Thank you, buffalo. That was clear enough.

 

[Bradskii]

Bradskii:

You still can’t grasp that there are two sides to the coin. Different species by definition can reproduce within their own species but cannot outside of their own species.

Group A and Group B are isolated and no longer can reproduce. This lineage splitting we call speciation (and you call macro evolution). There is a loss of a function once had. Group A did not gain a new function for they still can reproduce within Group A just like they did before they split from Group B. Same for Group B.

Why is this so hard for you…

There is a Group A. For whatever reason, the species starts to split into two. And let’s face it, this doesn’t happen over the weekend. So we have the beginning of a group that will eventually become Group B. Call them a mixture of each. They are Group A/B. A mixture of each.

Can Group A interbreed. Yes, obviously.
Can Group A/B interbreed. Yes, obviously.
Can Group A breed with Group A/B. Yes, at this stage.

So there’s lots of breeding going on here but we can see that neither group has lost anything. Good so far?

Now Group A/B continues it’s drift away from Group A and becomes a different species: Group B.

Can Group A interbreed? Yes, obviously.
Can Group B interbreed? Yes, obviously.

Now pay attention to this. It’s the important bit…

Can Group A breed with Group B? No - they have lost the ability to breed with the evolving group.
Can Group B breed with Group A? No, They have lost the ability to breed with the group that is not evolving.

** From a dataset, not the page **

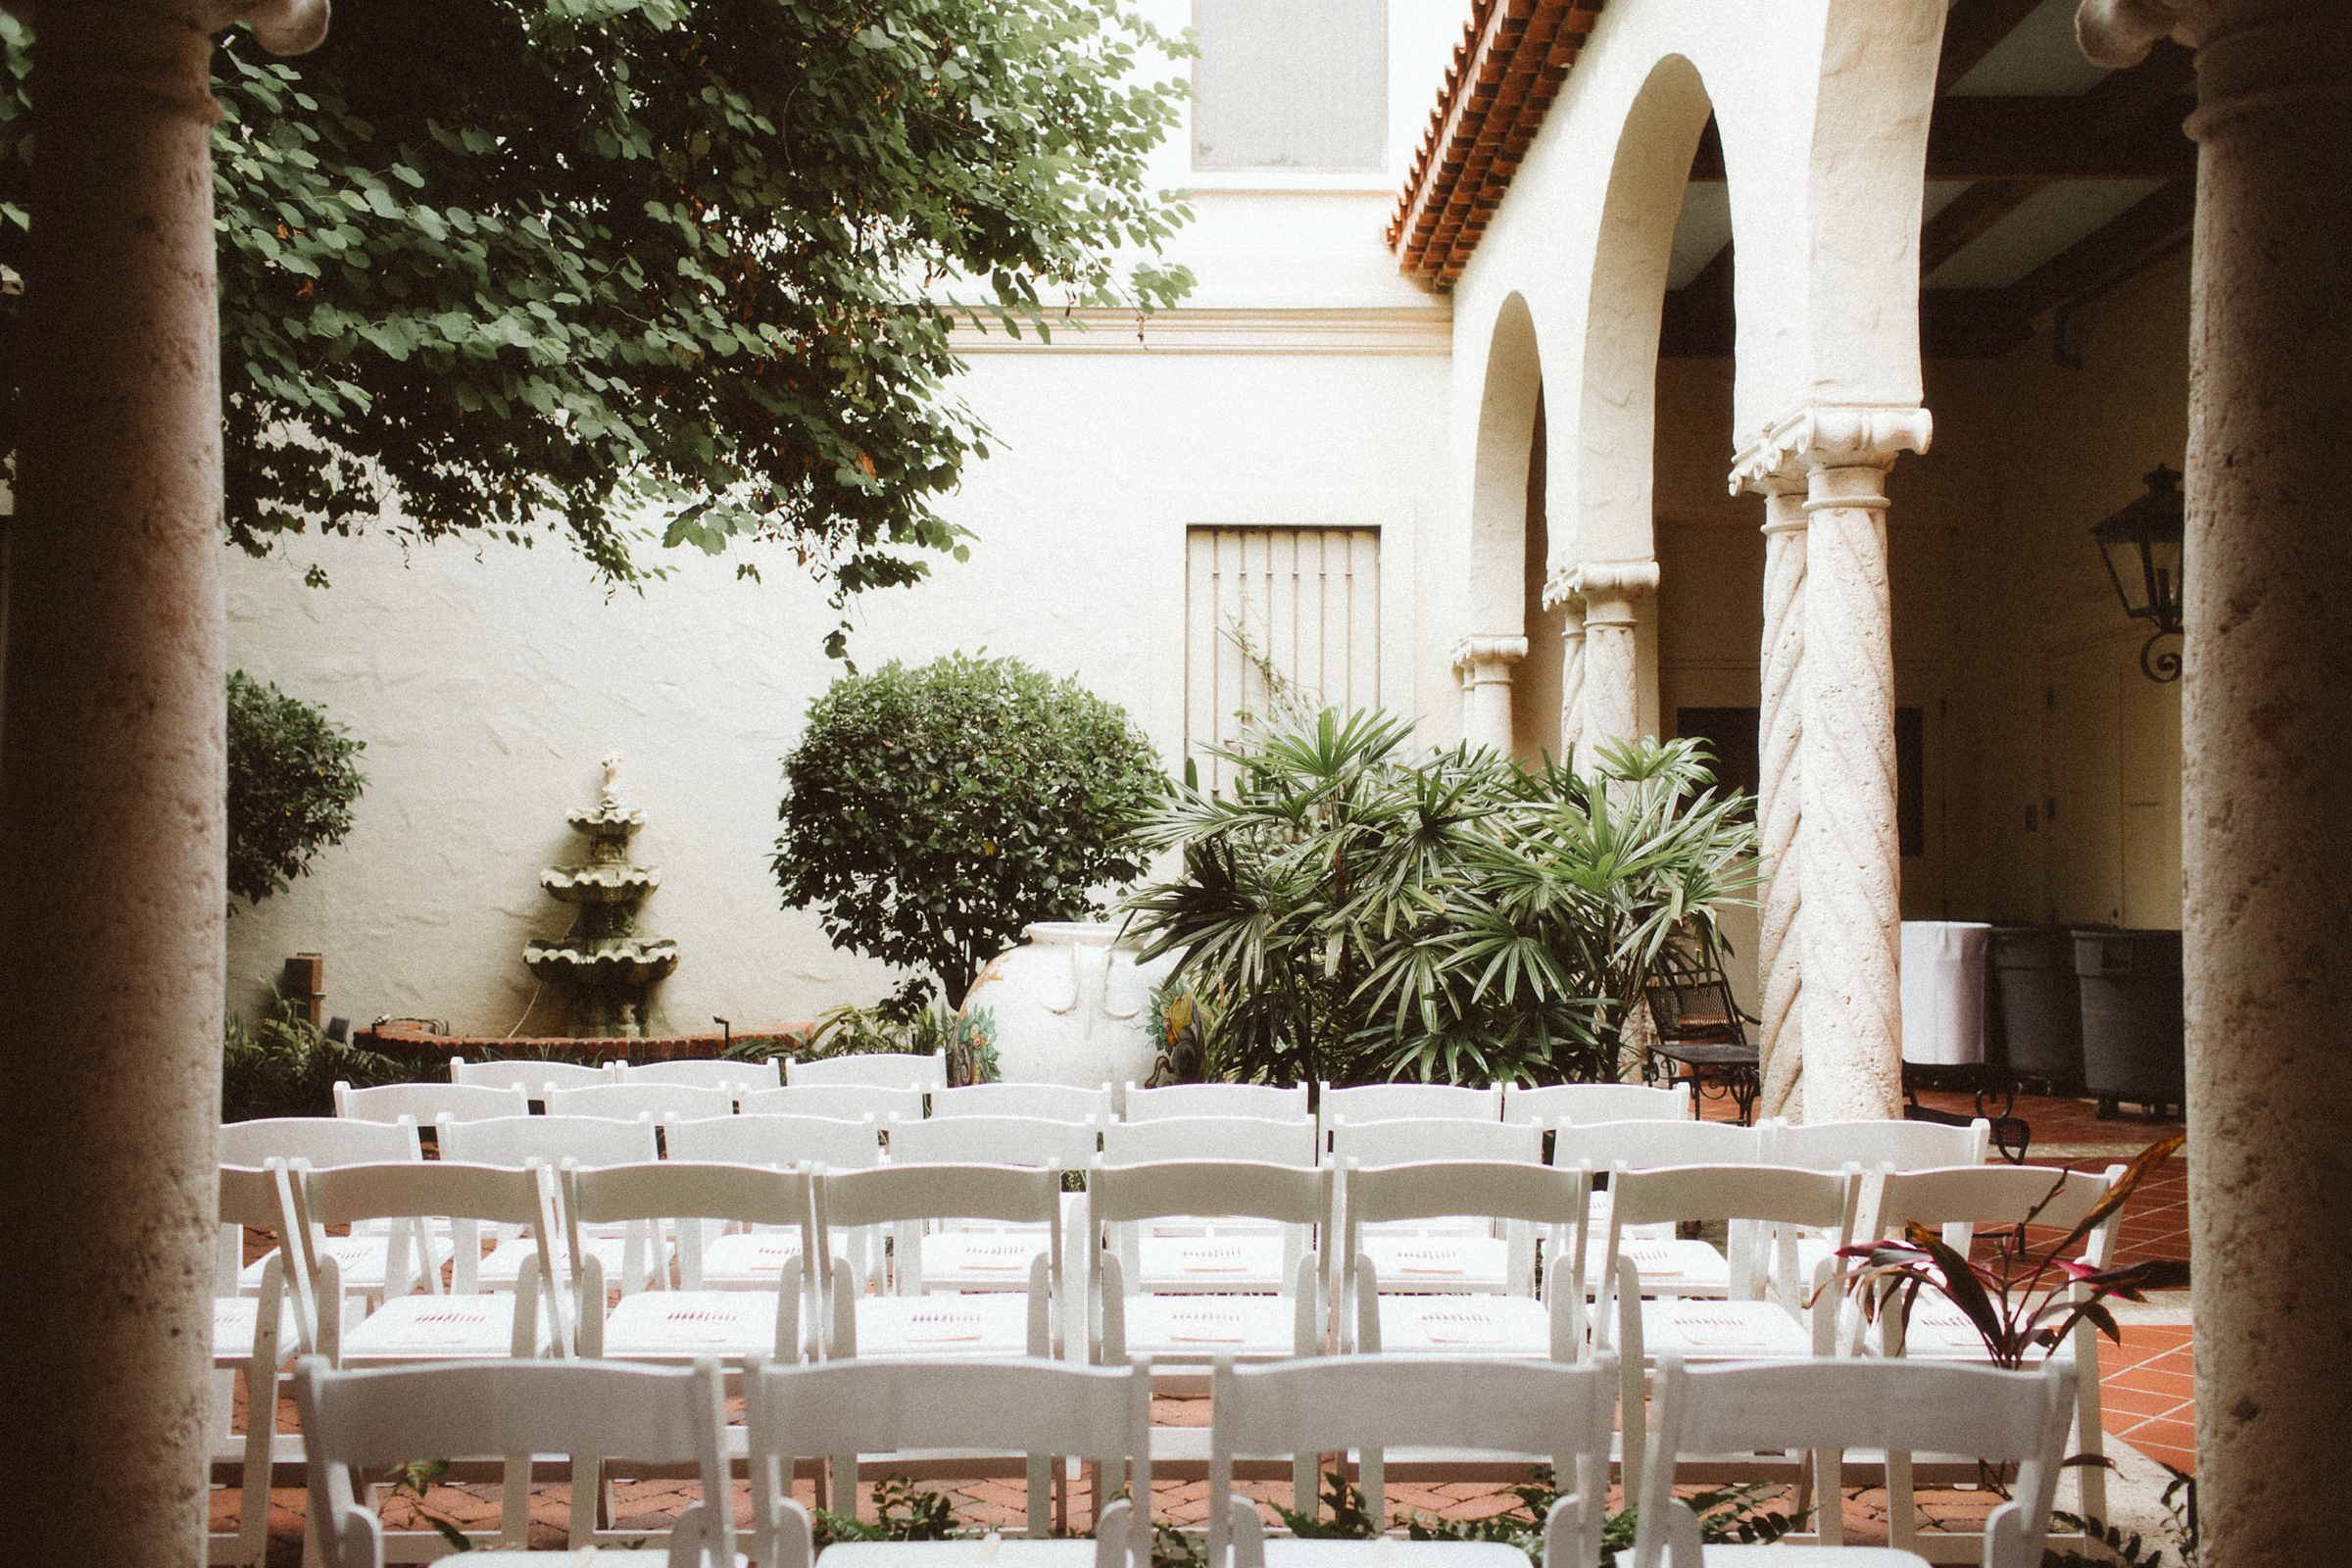 wedding day | MFA St Pete | Vanessa Boy Photography | vanessaboy.com-216.com |final.jpg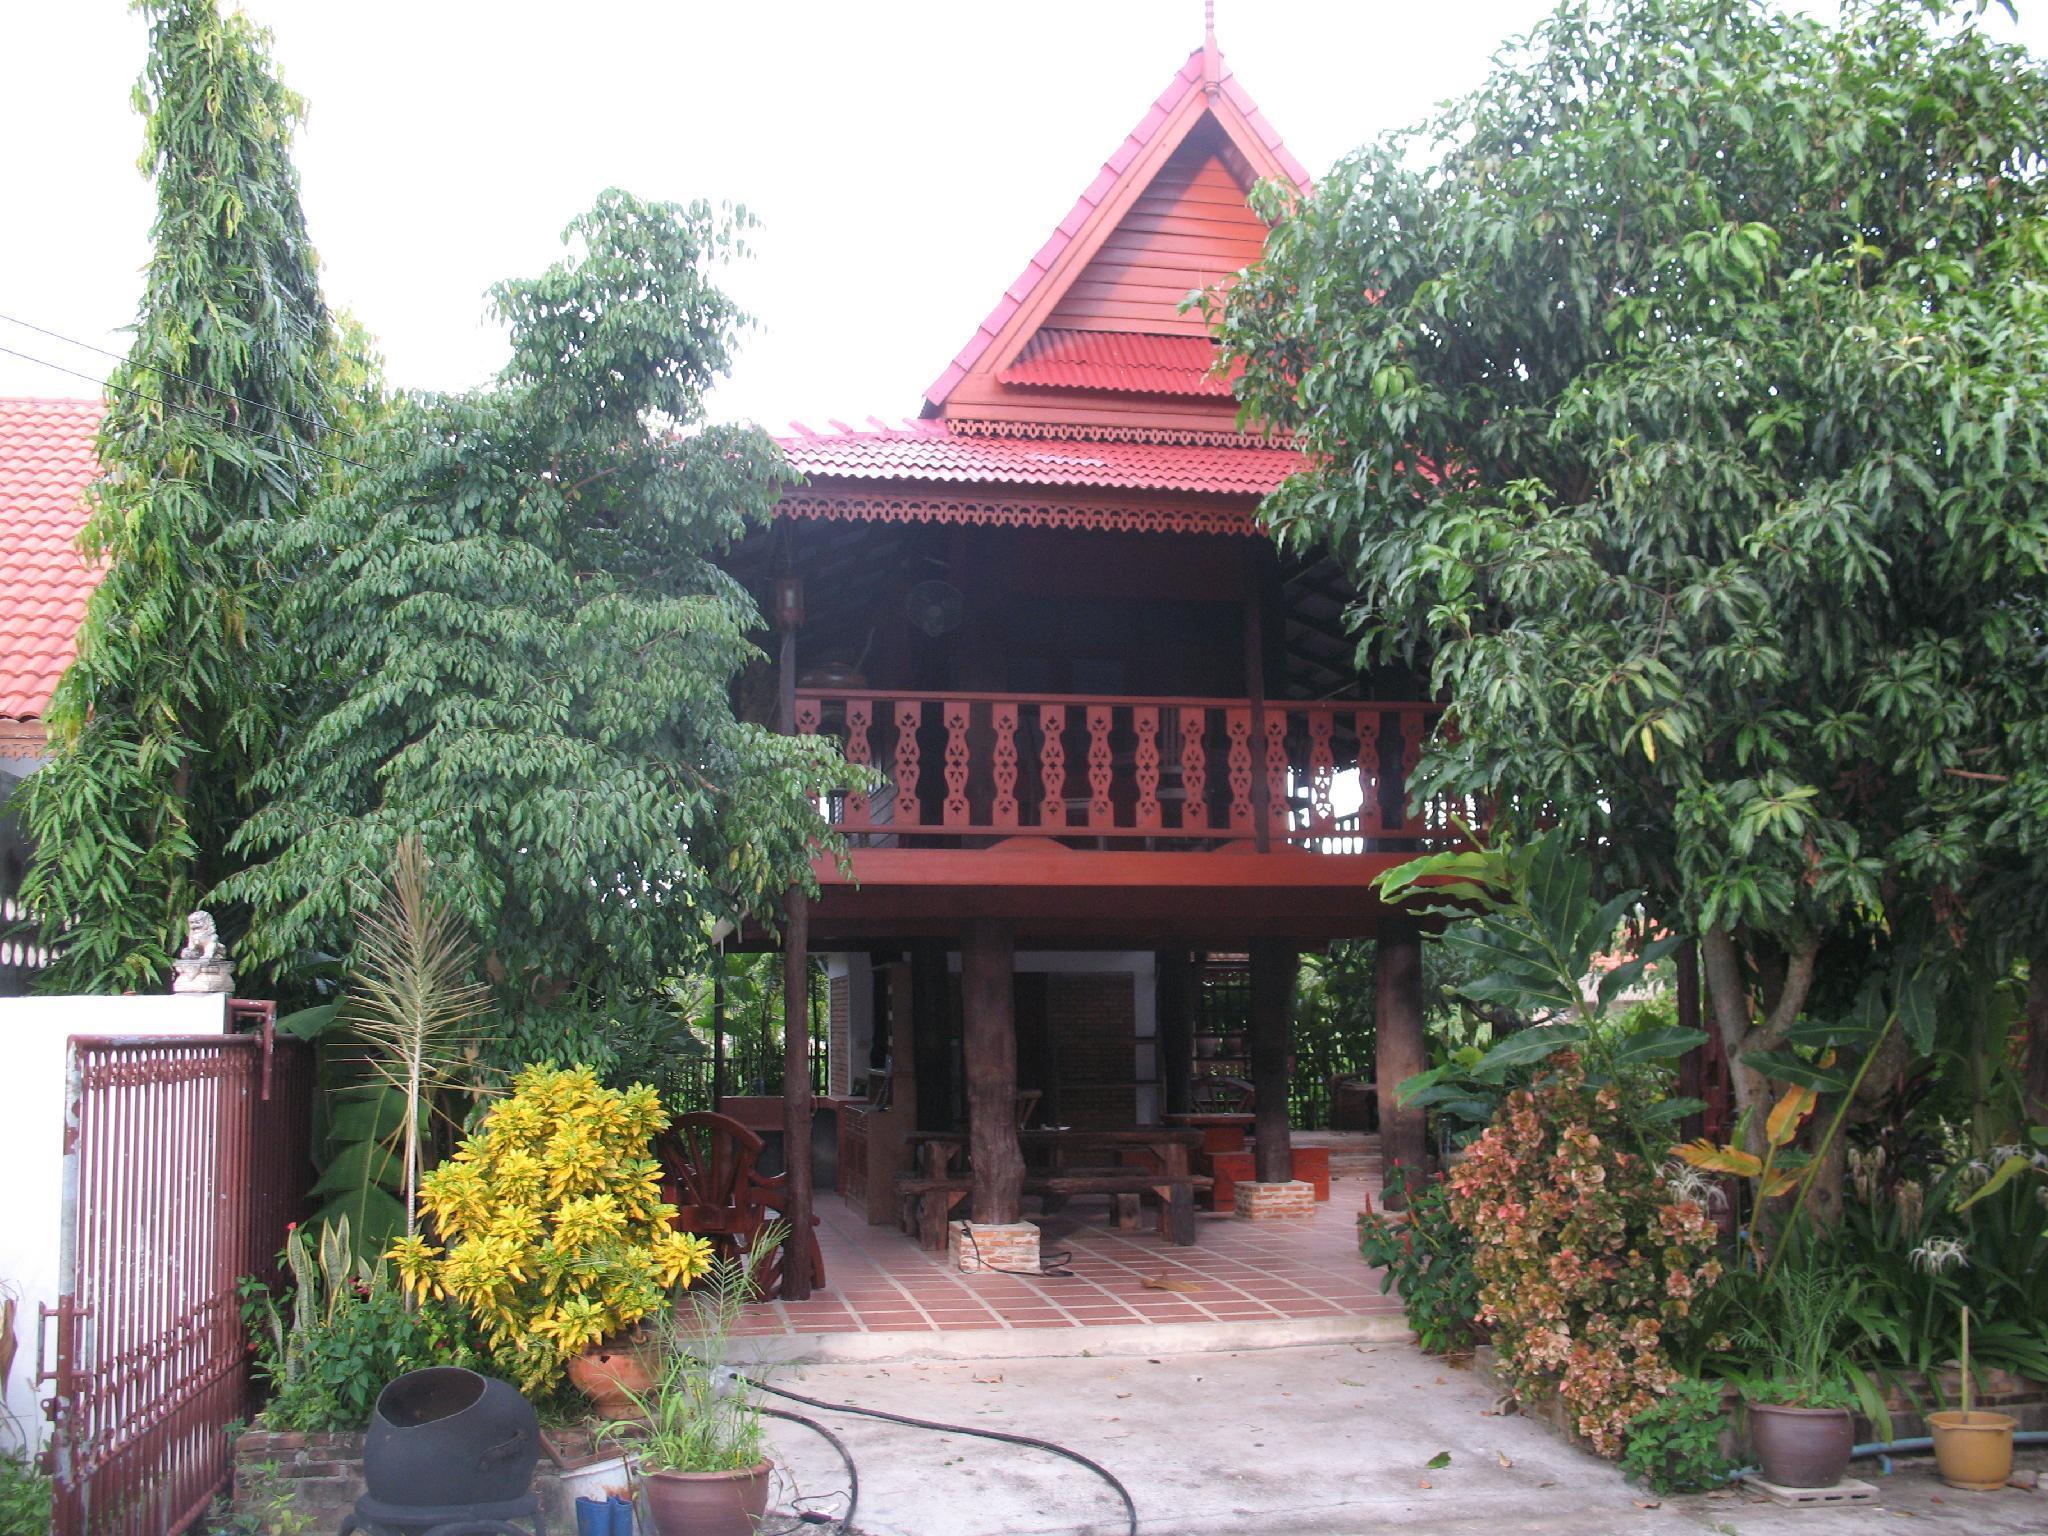 teak house chiang mai บ้านเดี่ยว 2 ห้องนอน 2 ห้องน้ำส่วนตัว ขนาด 900 ตร.ม. – หางดง

Well, looks like a score draw to me!

And to repeat the bit that you have never been able to grasp: As your ancestors gradually split from Austalopithicus afarensis to become Homo sapien, Lucy gradually lost her ability to breed with your ancestors and they gradually lost their ability to breed with her.

Clear?

 

[edwest211]

No, not at all. I edit and write fiction for a living. Those stories need to be plausible. I need to have a good grasp of science, including fringe science, to make that happen. I don’t think that story would hold up in fiction.

 

[buffalo]

Can Group A breed with Group B? No - they have lost the ability to breed with the evolving group.
Can Group B breed with Group A? No, They have lost the ability to breed with the group that is not evolving.

LOL
Can Group A breed with Group B? No - they have lost the ability to breed with the devolving group.
Can Group B breed with Group A? No, They have lost the ability to breed with the group that is not devolving.

 

[Bradskii]

No, not at all. I edit and write fiction for a living. Those stories need to be plausible. I need to have a good grasp of science, including fringe science, to make that happen. I don’t think that story would hold up in fiction.

I really can’t see this happening, but we’d all like to see what you write. I’d pay good money for it!

Name a reasonable price and I will donate it to the charity of your choice.